Leftover Panzanella Cake with a Fried Egg
Resourcefulness is a quality that emerges gradually as you get more comfortable in the kitchen. At first, you might make a panzanella salad–with big chunks of toasted bread, heirloom tomatoes, garlic, a little anchovy, some basil, olive oil, and red wine vinegar–eat most of it and then throw the rest away because panzanella doesn’t really keep. That’s level one of being a cook. But to graduate to the next level, you should put the leftover panzanella in the fridge and figure out something to do with it the next day. Option 1? Blend it into a soup (why not? It has all the makings of a gazpacho and a tomato bread soup combined). I went for Option 2: frying it into a cake.

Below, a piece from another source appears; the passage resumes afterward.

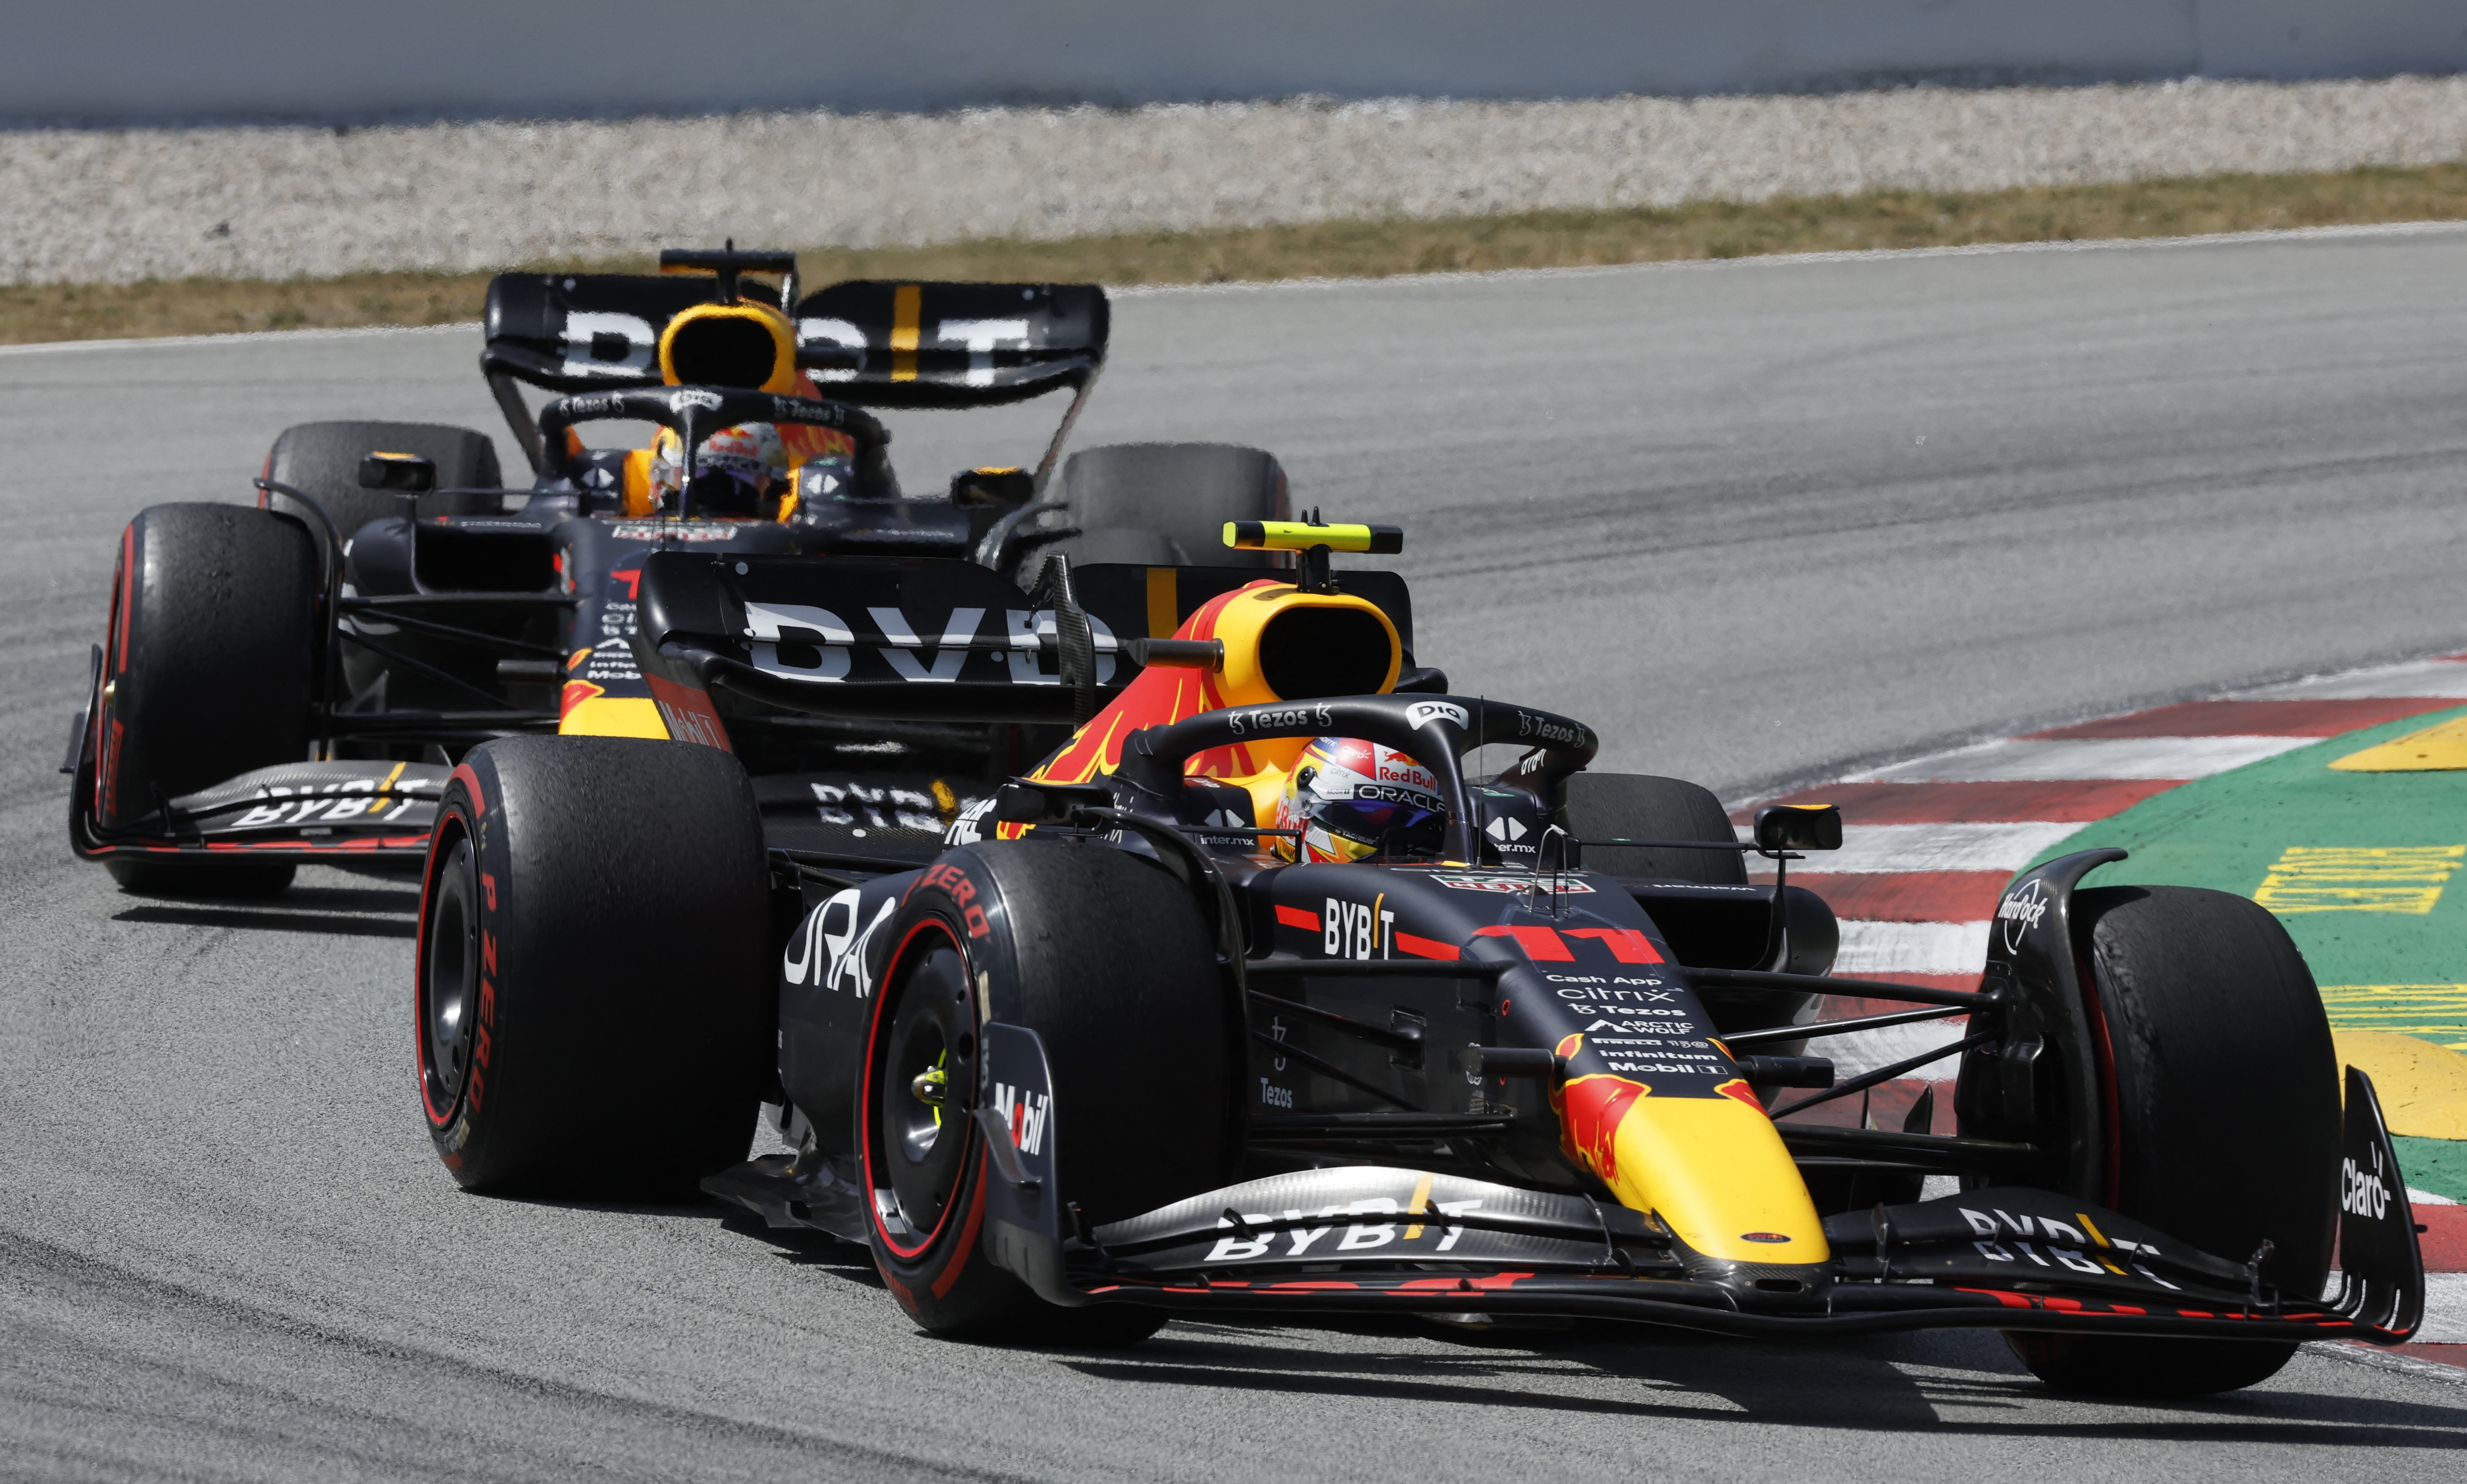 Checo Pérez let Max Verstappen pass to avoid contact by team orders (Photo: REUTERS/Albert Gea)

First of all, isn’t leftover panzanella pretty? This reminded me of a Kandinsky:
See what I mean?
My thought was that because of all the bread, if I heated olive oil in a cast iron skillet and added the mixture–all the moisture squeezed out–it would fry up into a cake, sort of like a savory French Toast that I could finish in the oven. So out came the cast iron skillet, I brushed on olive oil, heated it on high, and then added the drained mixture:
Confession: this didn’t go immediately as planned. There was so much liquid in there because of the tomatoes, there wasn’t really a sizzle, there was more of a burble. But I kept at at. Eventually, after 10 minutes or so, the liquid cooked away and then I started to hear some sizzling. At that point, I stuck the pan into a 425 oven and waited until the top was kind of dry and browning a bit.
The real test was flipping it out of the pan. I used an offset spatula to make sure it would detach and then I carefully flipped on to my big green rubber cutting board:
I think that looks pretty nifty!
The finally step was to top everything with a fried egg. And there it was: a resourceful breakfast made from something most people would throw away.
So this weekend, even if you don’t do it with panzanella, challenge yourself to turn some unexpected, seemingly unusable leftovers into breakfast. You’ll pat yourself on the back and then rub your tummy in delight.